Get actual prediction results

After each successful inference, a JSON file is created in the output location of your bucket. Each inference creates a new folder with a single results.jsonl file in it. You can run through this section in the notebook to read these files and display their content.

results_df

The following screenshot shows the results.

Stop the inference scheduler

Make sure to stop the inference scheduler; we don’t need it for the rest of the steps in this post. However, as part of your solution, the inference scheduler should be running to ensure real-time inference for your equipment continues. Run through this notebook section to stop the inference scheduler.

Set up Amazon A2I to review predictions from Amazon Lookout for Equipment

Now that inference is complete, let’s understand how to set up a UI to review the inference results and update it, so we can send it back to Amazon Lookout for Equipment for retraining the model. In this section, we show how to use the Amazon A2I custom task type to integrate with Amazon Lookout for Equipment through the walkthrough notebook to set up a human in the loop process. It includes the following steps:

Create a human task UI
Create a workflow definition
Send predictions to Amazon A2I human loops
Sign in to the worker portal and annotate Amazon Lookout for Equipment inference predictions

Follow the steps provided in the notebook to initialize Amazon A2I APIs. Make sure to set up the bucket name in the initialization block where you want your Amazon A2I output:

a2ibucket = '<your bucket>'

You also need to create a private workforce and provide a work team ARN in the initialize step.

On the SageMaker console, create a private workforce. After you create the private workforce, find the workforce ARN and enter the ARN in the notebook:

WORKTEAM_ARN = 'your private workforce team ARN'

Create the human task UI

You now create a human task UI resource, giving a UI template in liquid HTML. You can download the provided template and customize it. This template is rendered to the human workers whenever a human loop is required. For over 70 pre-built UIs, see the amazon-a2i-sample-task-uis GitHub repo. We also provide this template in our GitHub repo.

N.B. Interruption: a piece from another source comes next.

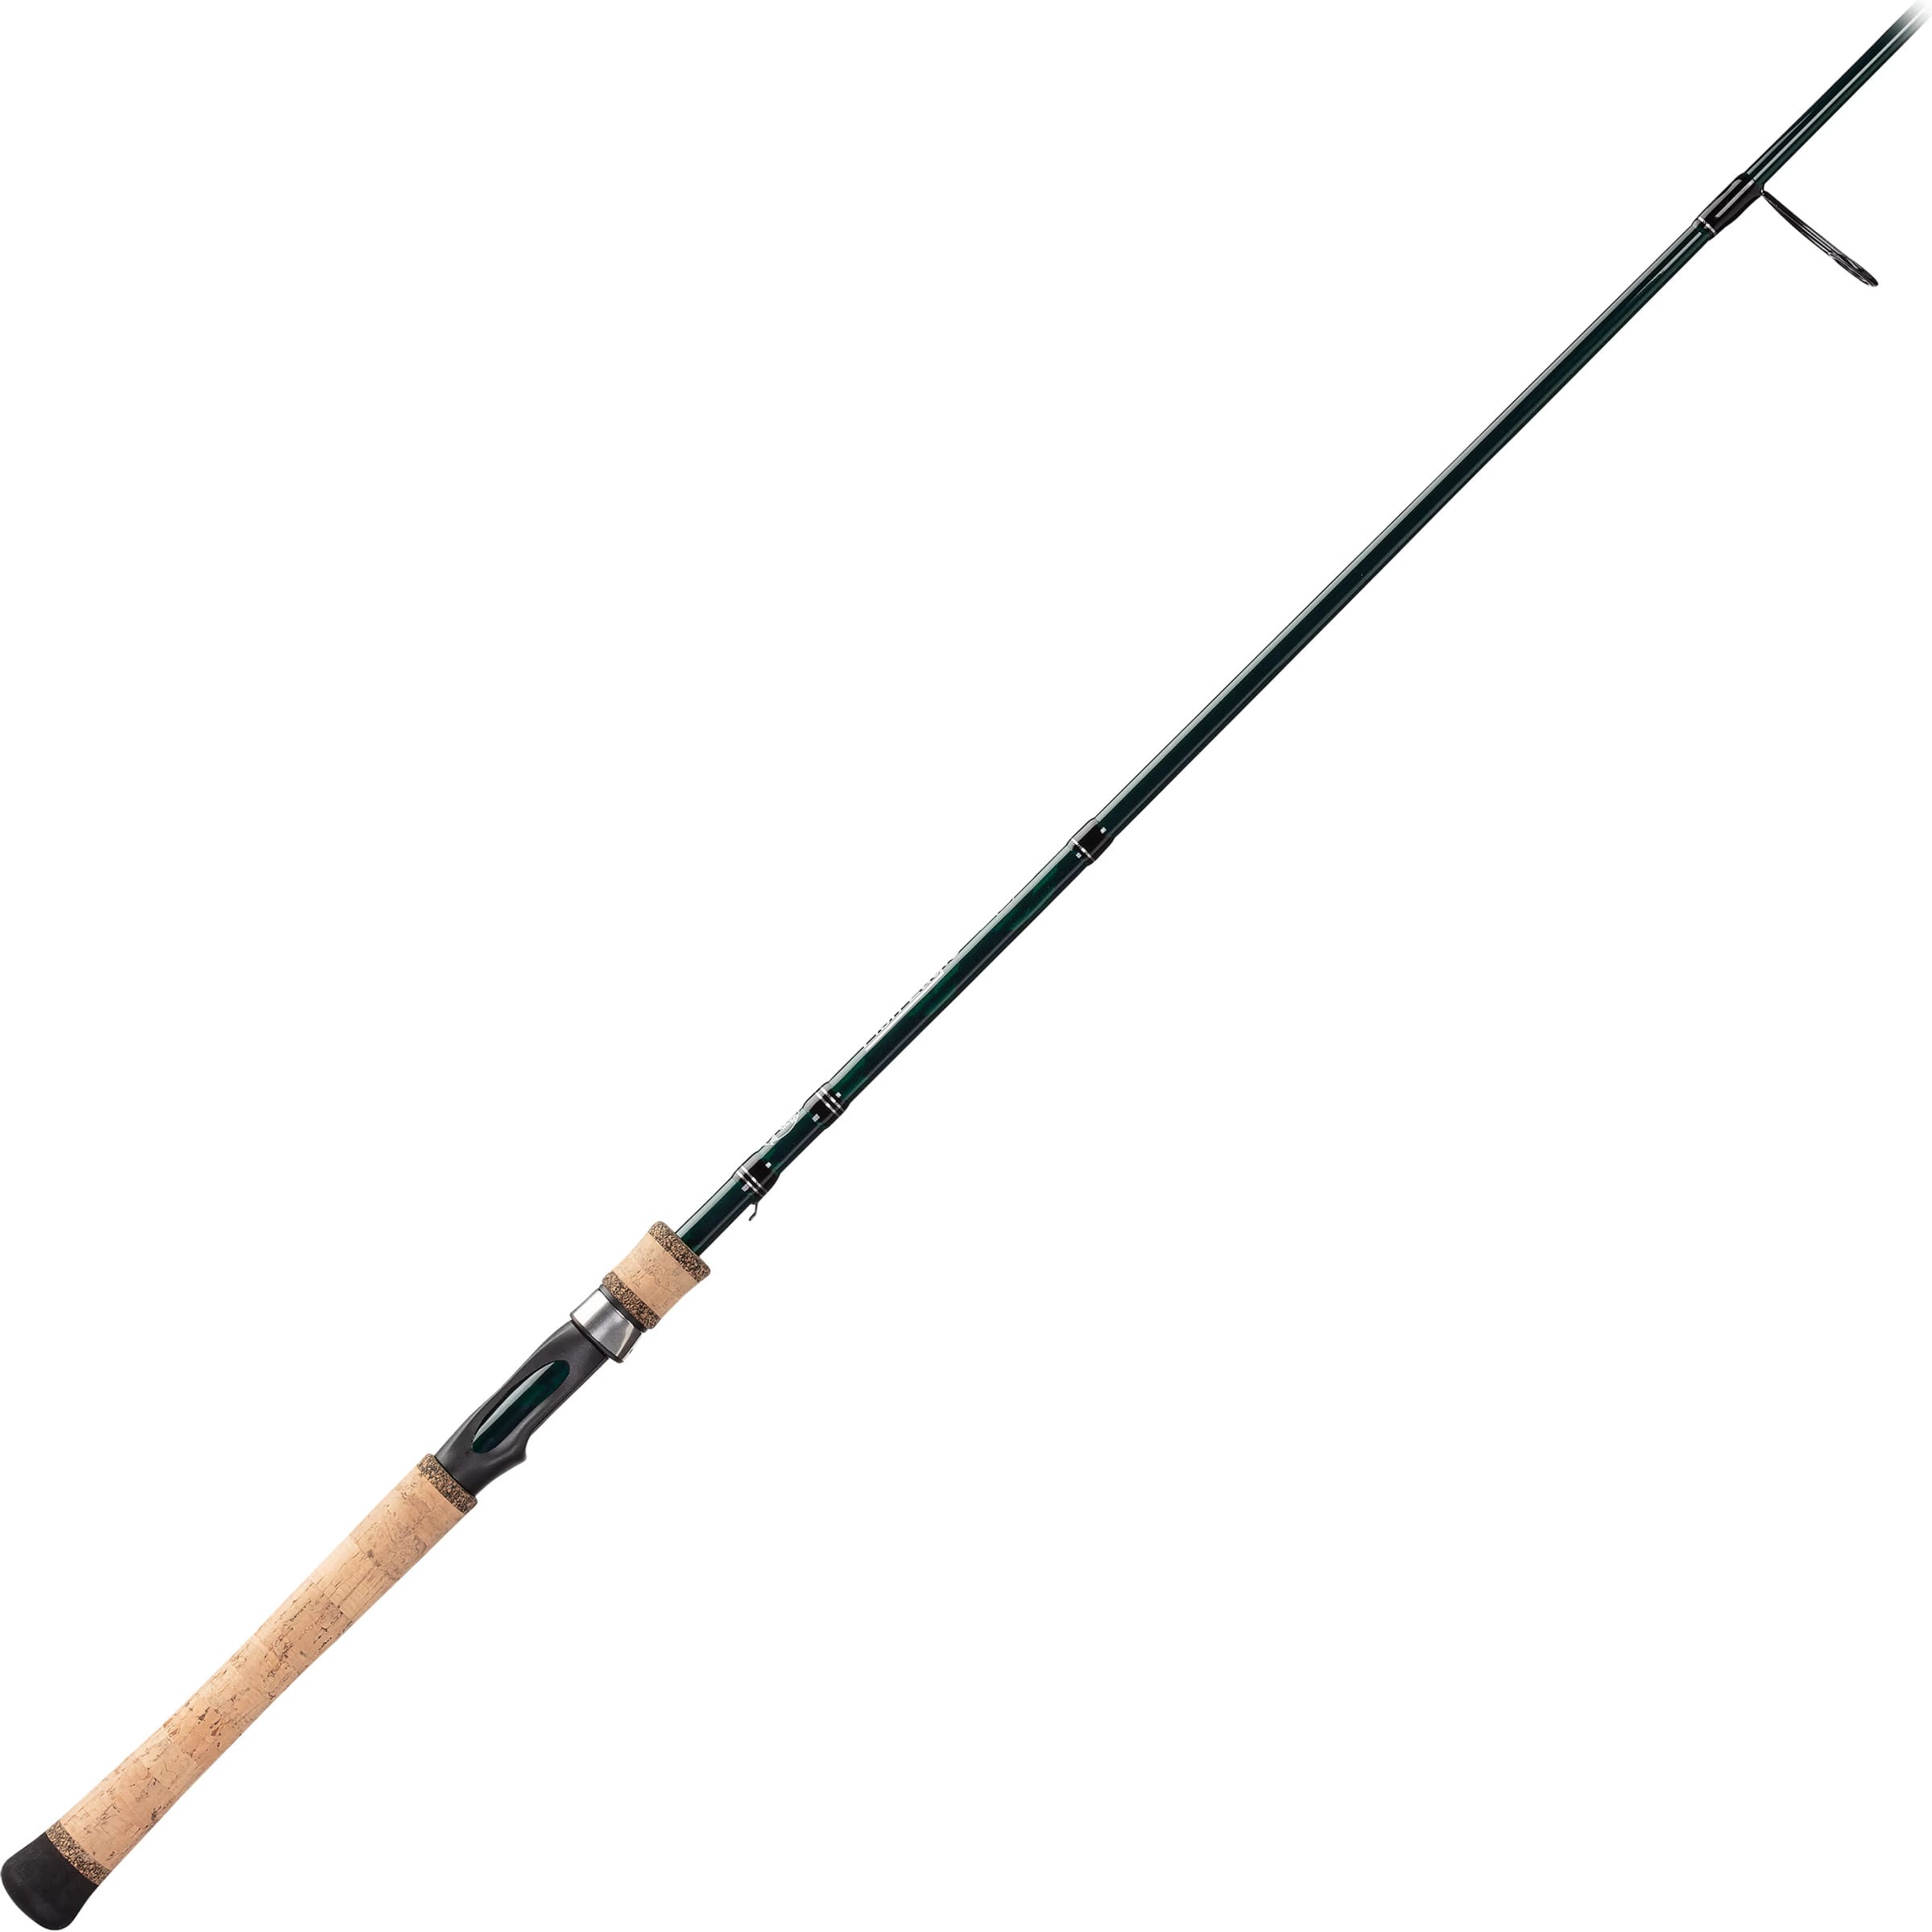 Shark Rod Casting Fishing Rods & Poles for sale

You can use this template to create a task UI either via the console or by running the following code in the notebook:

def create_task_ui():
 
    response = sagemaker_client.create_human_task_ui(
        HumanTaskUiName=taskUIName,
        UiTemplate={'Content': template})
    return response

Create a human review workflow definition

Workflow definitions allow you to specify the following:

The worker template or human task UI you created in the previous step.
The workforce that your tasks are sent to. For this post, it’s the private workforce you created in the prerequisite steps.
The instructions that your workforce receives.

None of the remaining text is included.